**REQUIRED WORK**
The task calls for an exact retyping of the lines from the one holding "Viva Belgrado - Ulises" through the end of the listing, with pictures omitted and nothing added.

**DATA SECTION**

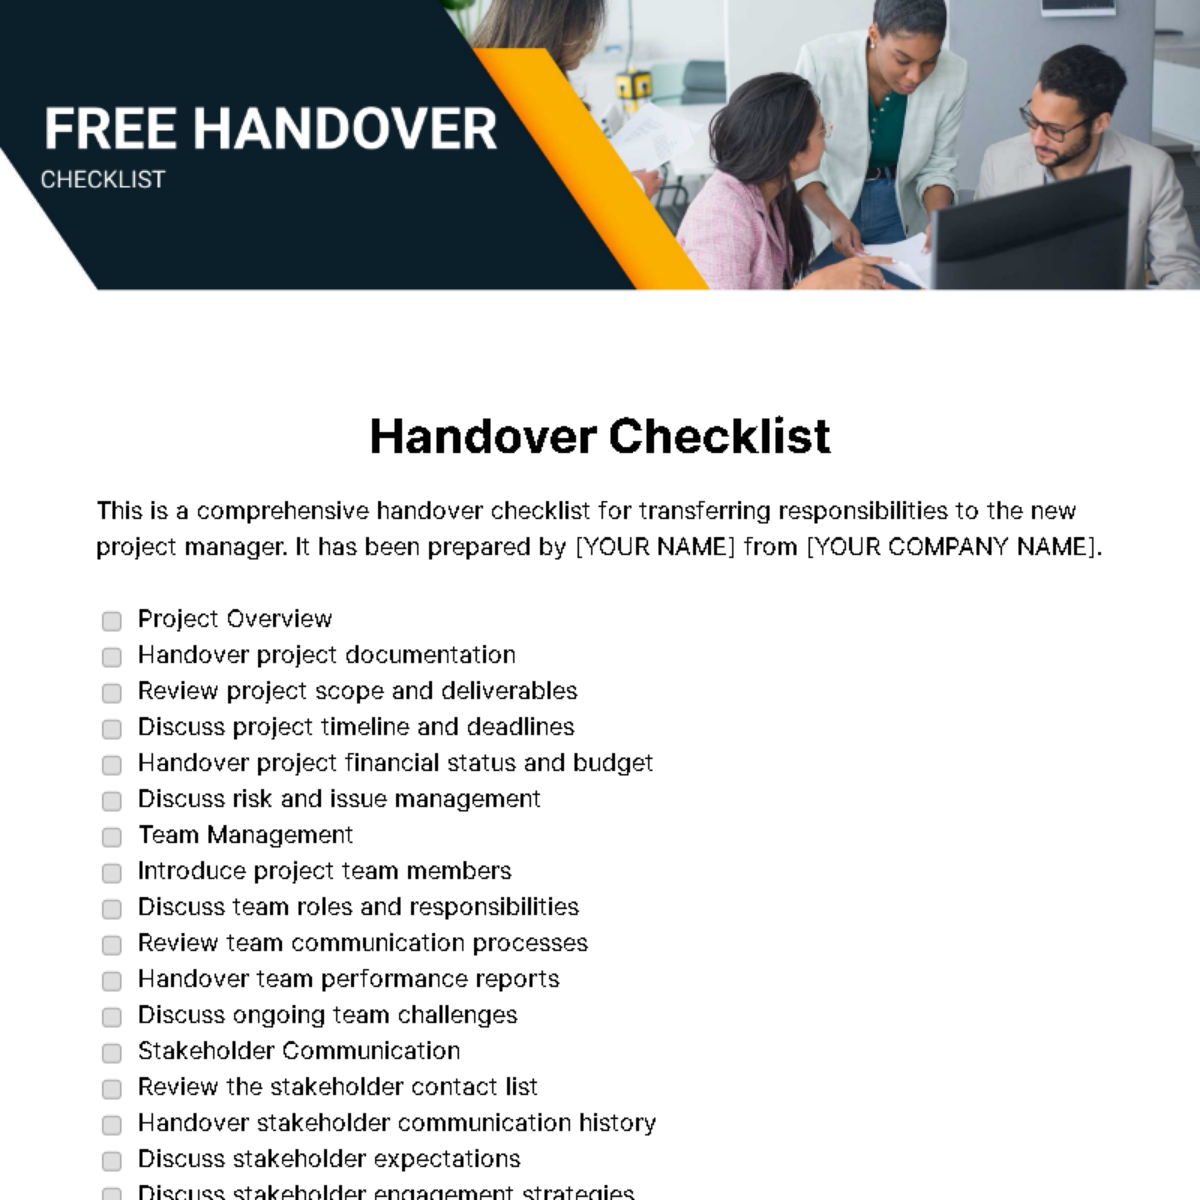 Handover Checklist Template
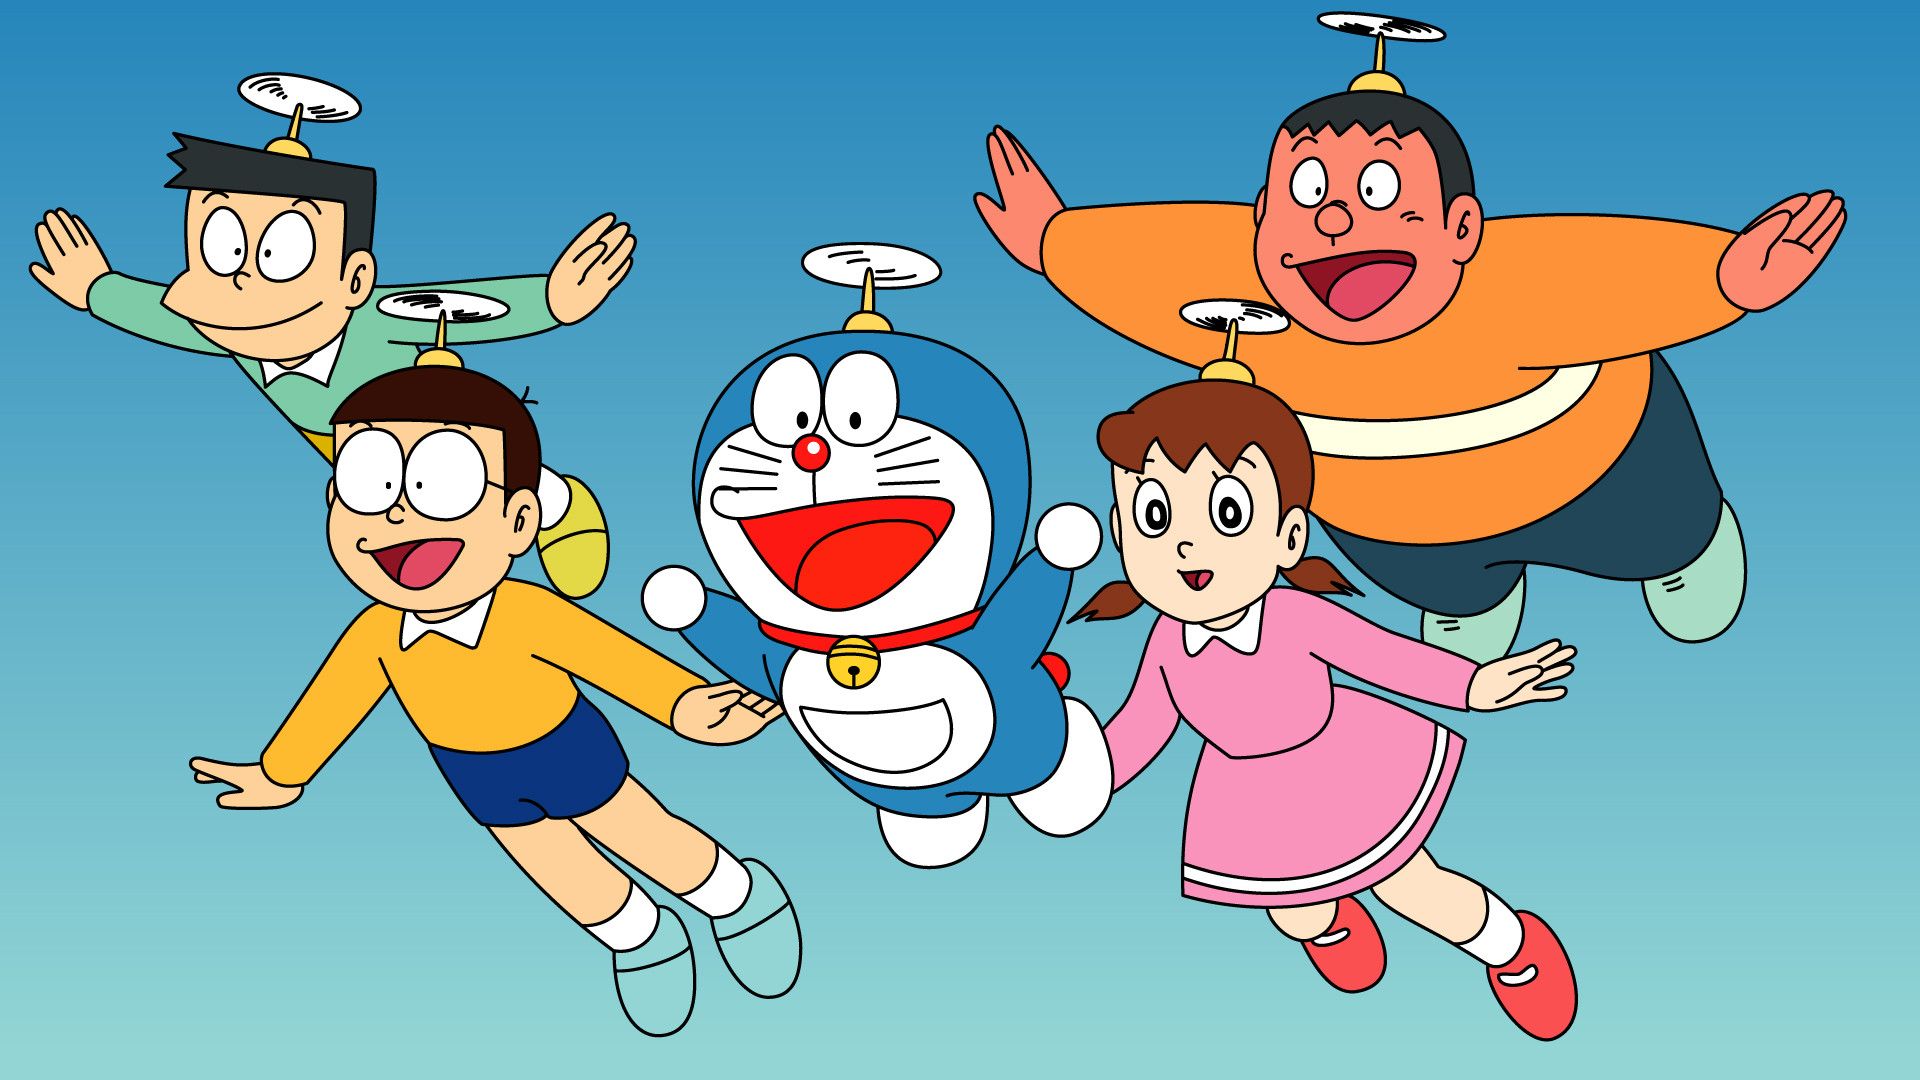 Viva Belgrado - Ulises 2016 - Página 15 Doraemon
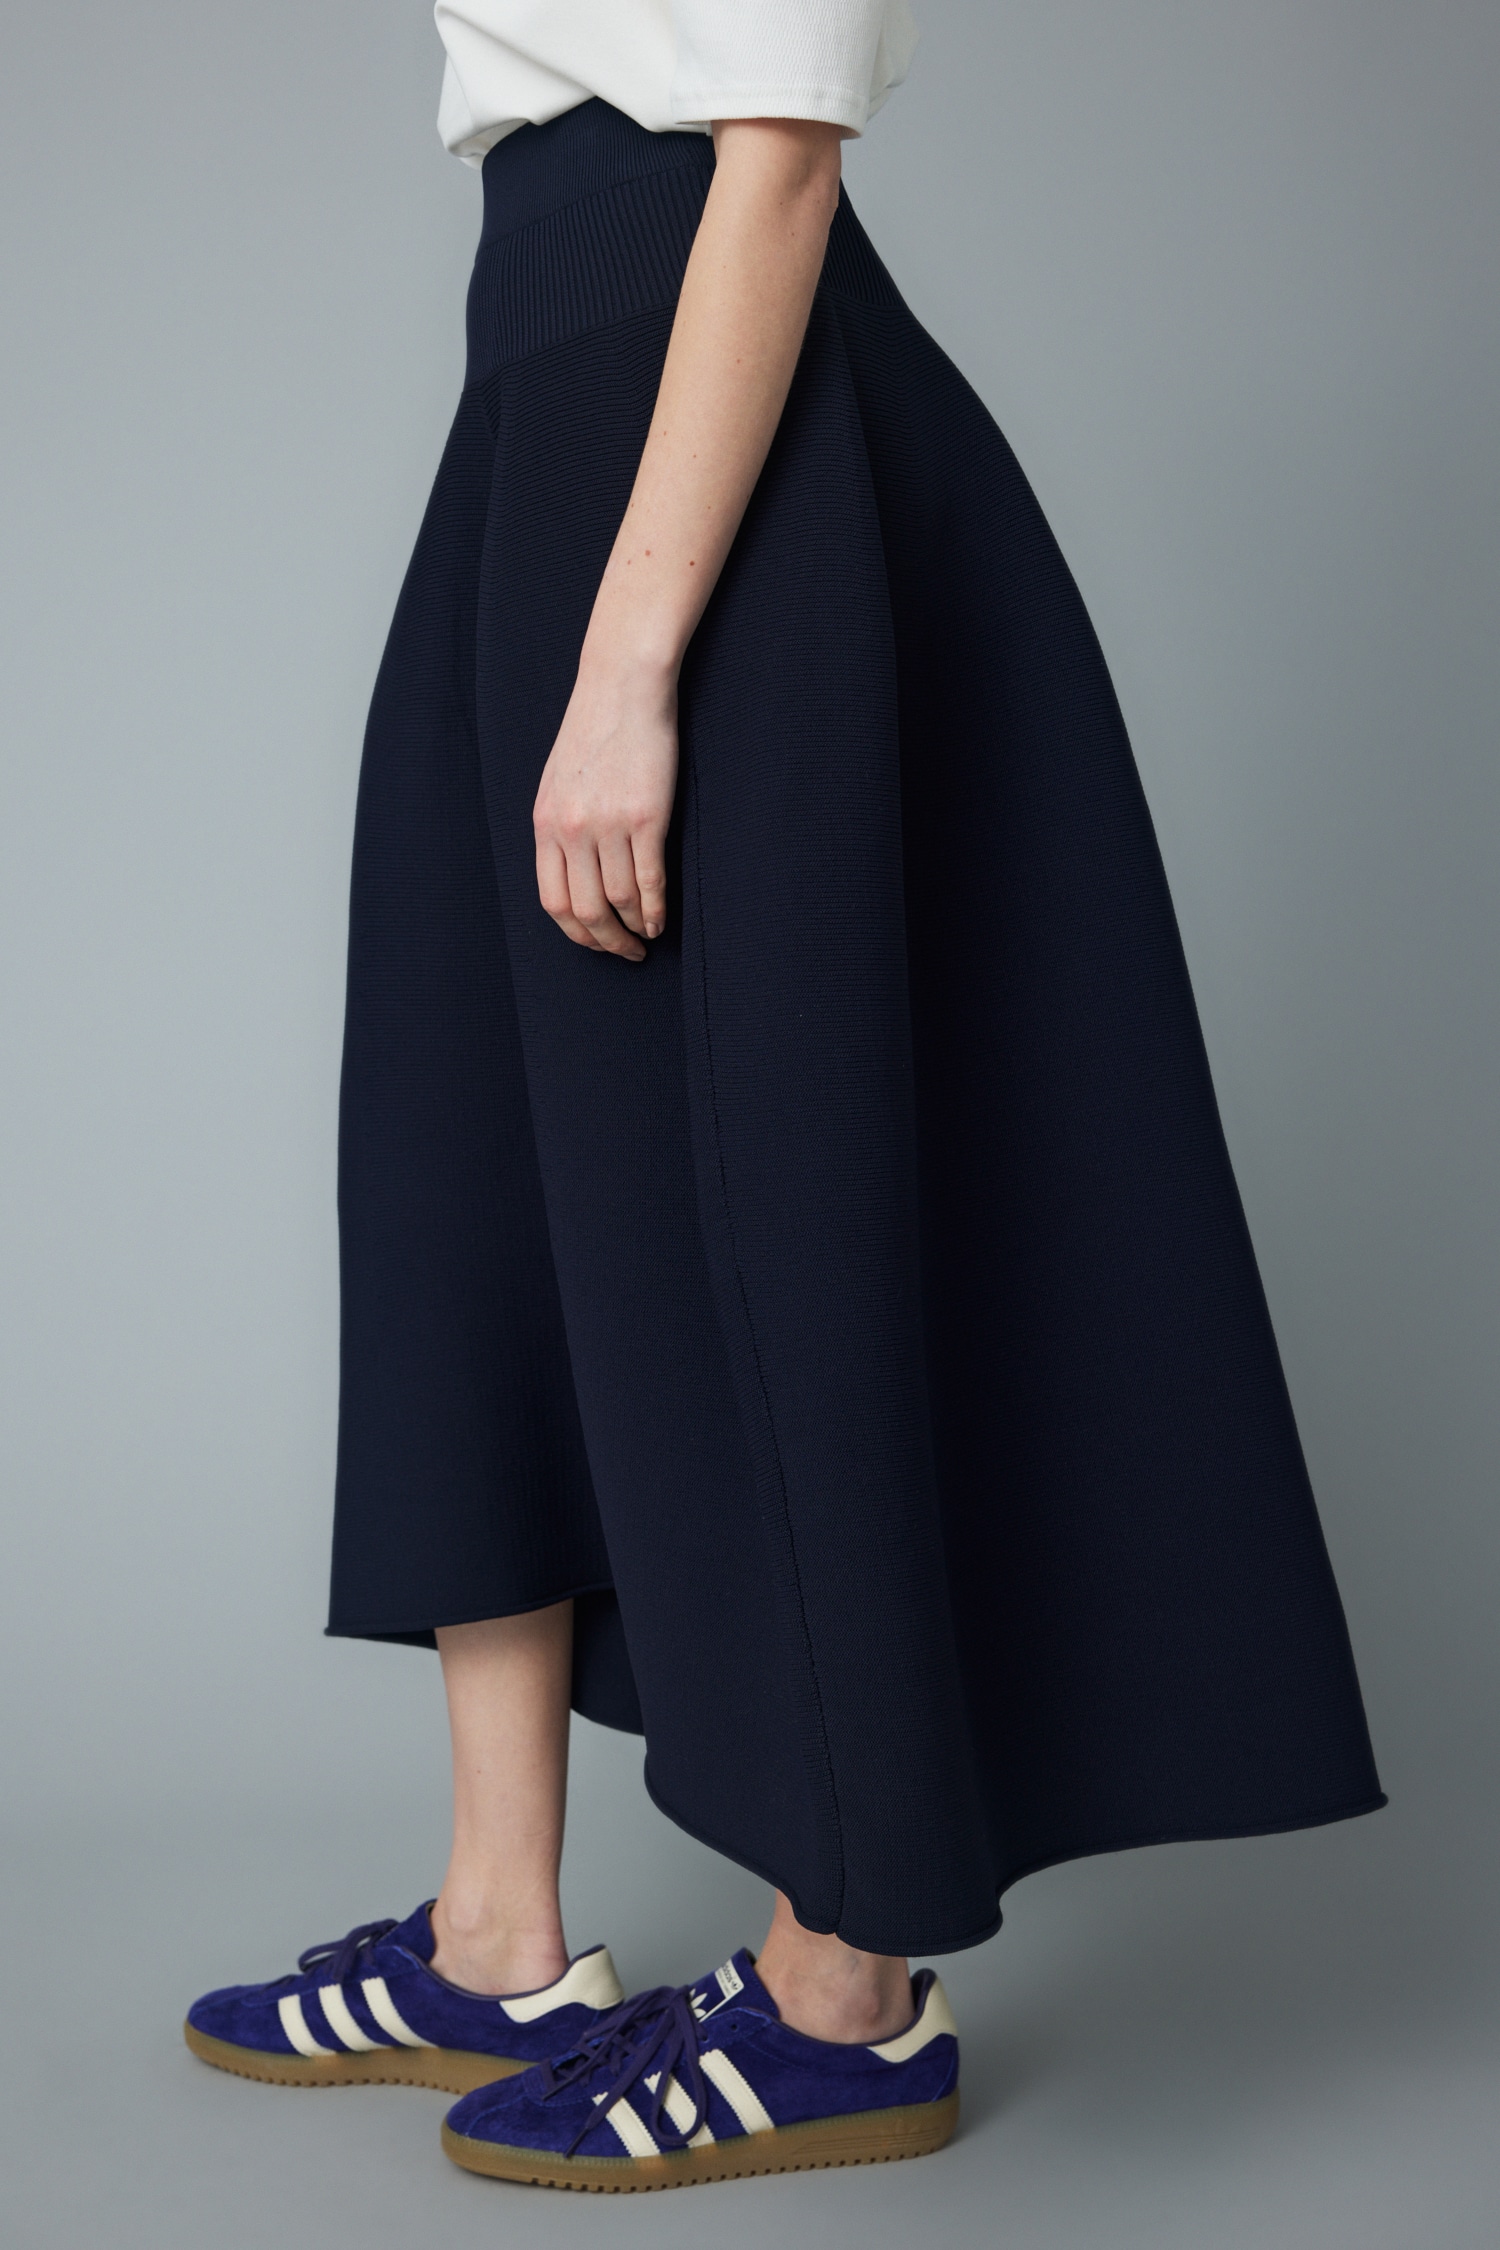 HeRIN.CYE | Jersey volum knit skirt (スカート(ロング) ) |SHEL'TTER ...

**WRITTEN ANSWER**
 Viva Belgrado - Ulises 2016 - Página 15 Doraemon
 HeRIN.CYE | Jersey volum knit skirt (スカート(ロング) ) |SHEL'TTER ...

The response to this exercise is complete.